The balance of the dataset plays a pivotal role in the performance of the deep learning model [
19]. This study employed a dataset balancing method, based on the pixel value ratio, to select the most suitable model. Specifically, the proportion of each label value within each image was initially computed. If the combined proportion of healthy or background label values exceeded 60% and the total proportion of lodging label values was less than 1%, the image was removed. By using this approach, the dataset was balanced across the three label types, leading to improved accuracy in evaluating the model performance. Simultaneously, in order to retain the realism of the original dataset’s label proportions, no balancing treatment was applied during the comparison of different frames and different types of remote sensing images. Following these principles, the dataset was divided into four distinct groups, with detailed information provided in
Table 1.
The four image blocks were randomly partitioned into training, validation, and test datasets, with a ratio of 7:2:1. The training and validation sets were utilized during the model training process, while the test set served as an independent dataset for evaluating the performance of the trained deep learning model.
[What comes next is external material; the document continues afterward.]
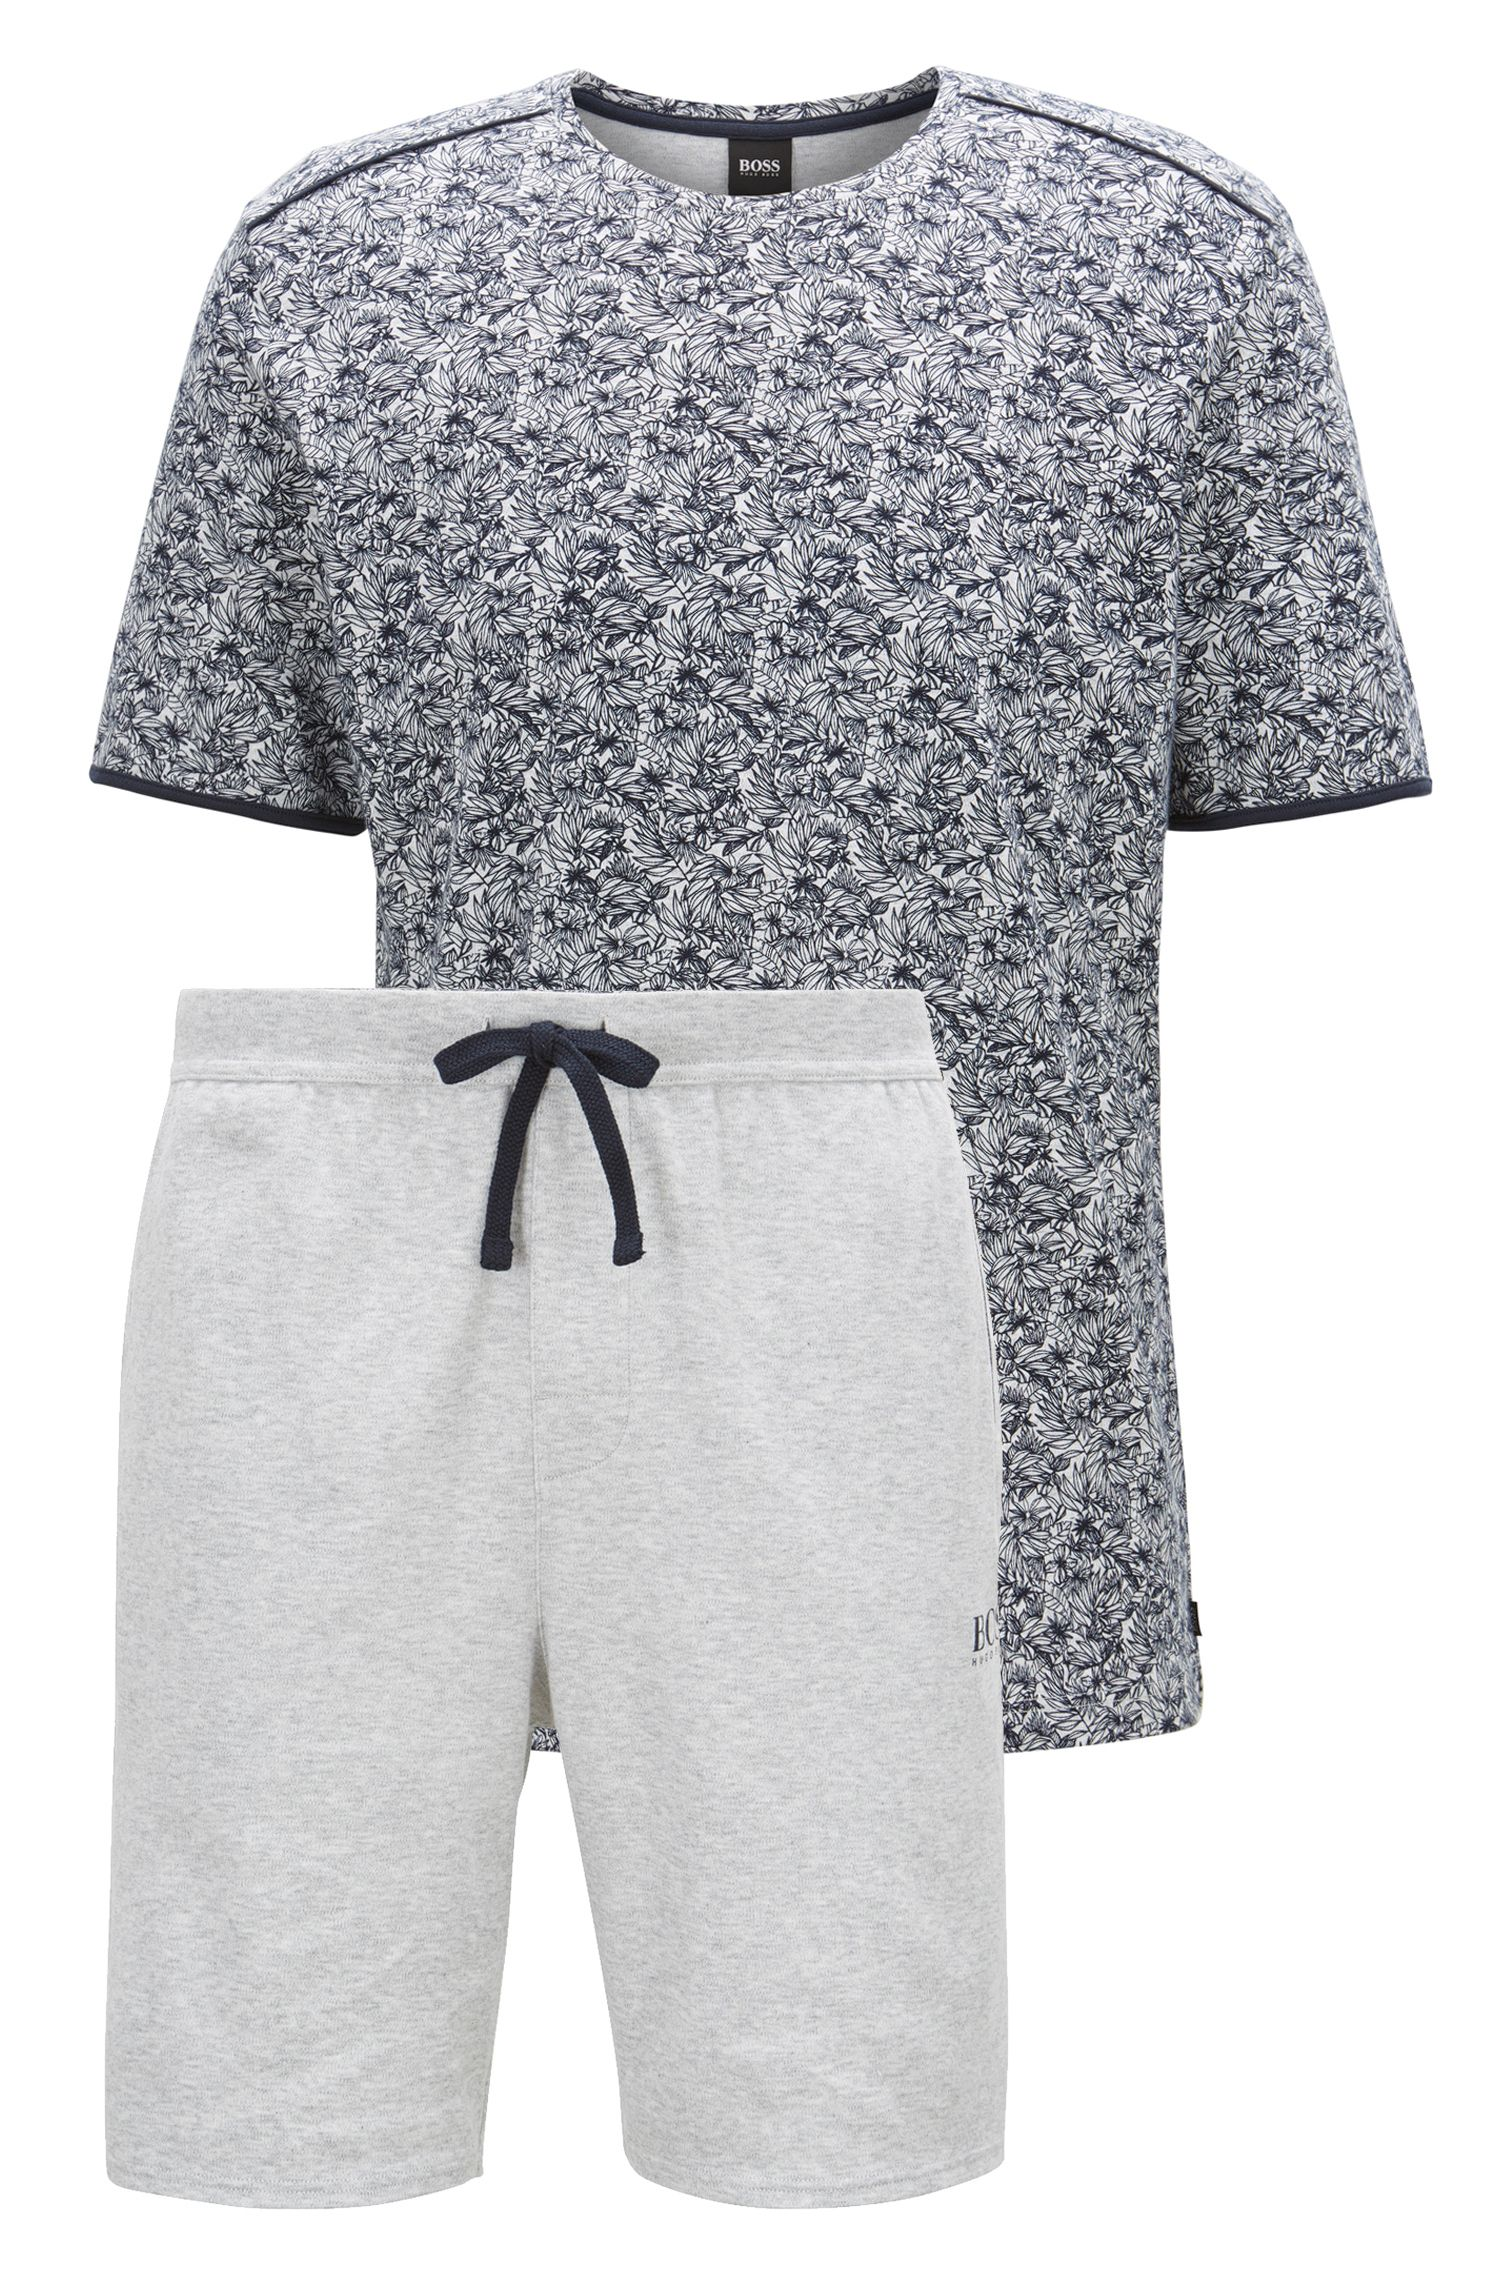 Pyjamaset van interlocked katoen met bloemenprint, Donkerblauw

Furthermore, to enhance the generalization capability and training efficiency during model training, a real-time data augmentation technique was employed in this study [
20]. As a crucial component within the PaddleRS framework’s data preprocessing pipeline, this technique encompassed several enhancements, including data normalization to the range [−1, 1] and random horizontal flipping with a probability of 50%. These augmentations aimed to improve the model’s ability to generalize to unseen data and expedite the training process.
3. Method
3.1. Training of Deep Neural Networks
Semantic segmentation is a comprehensive technique that integrates image classification, target detection, and image segmentation, aiming to partition an image into distinct regions with specific spatial extents while identifying the semantic class of each region. Compared to traditional methods, convolutional neural network (CNN)-based semantic segmentation enables end-to-end training, exhibits superior adaptability and scalability, and significantly enhances the accuracy of semantic segmentation models [
21].
Deeplabv3+ is a widely used semantic segmentation model that is employed extensively in various domains. Its overarching architecture encompasses two integral components: the encoder and the decoder [
22] (
Figure 3). Deeplabv3+ extends the Deeplabv3 model by introducing a novel encoder–decoder network structure. The encoder module retains the core features of Deeplabv3 and leverages atrous convolution to enhance model detection capabilities for small targets, which is particularly beneficial for detecting small lodging areas. Notably, the encoder incorporates atrous spatial pyramid pooling (ASPP), a critical component that performs convolutions with various dilation rates, enabling the extraction of feature representations with diverse perceptual fields. ASPP effectively exploits multi-scale feature information to achieve superior object boundary segmentation. The decoder involves the upsampling and fusion of feature maps, combining the advantages of both methods to handle objects of different sizes and produce a robust model.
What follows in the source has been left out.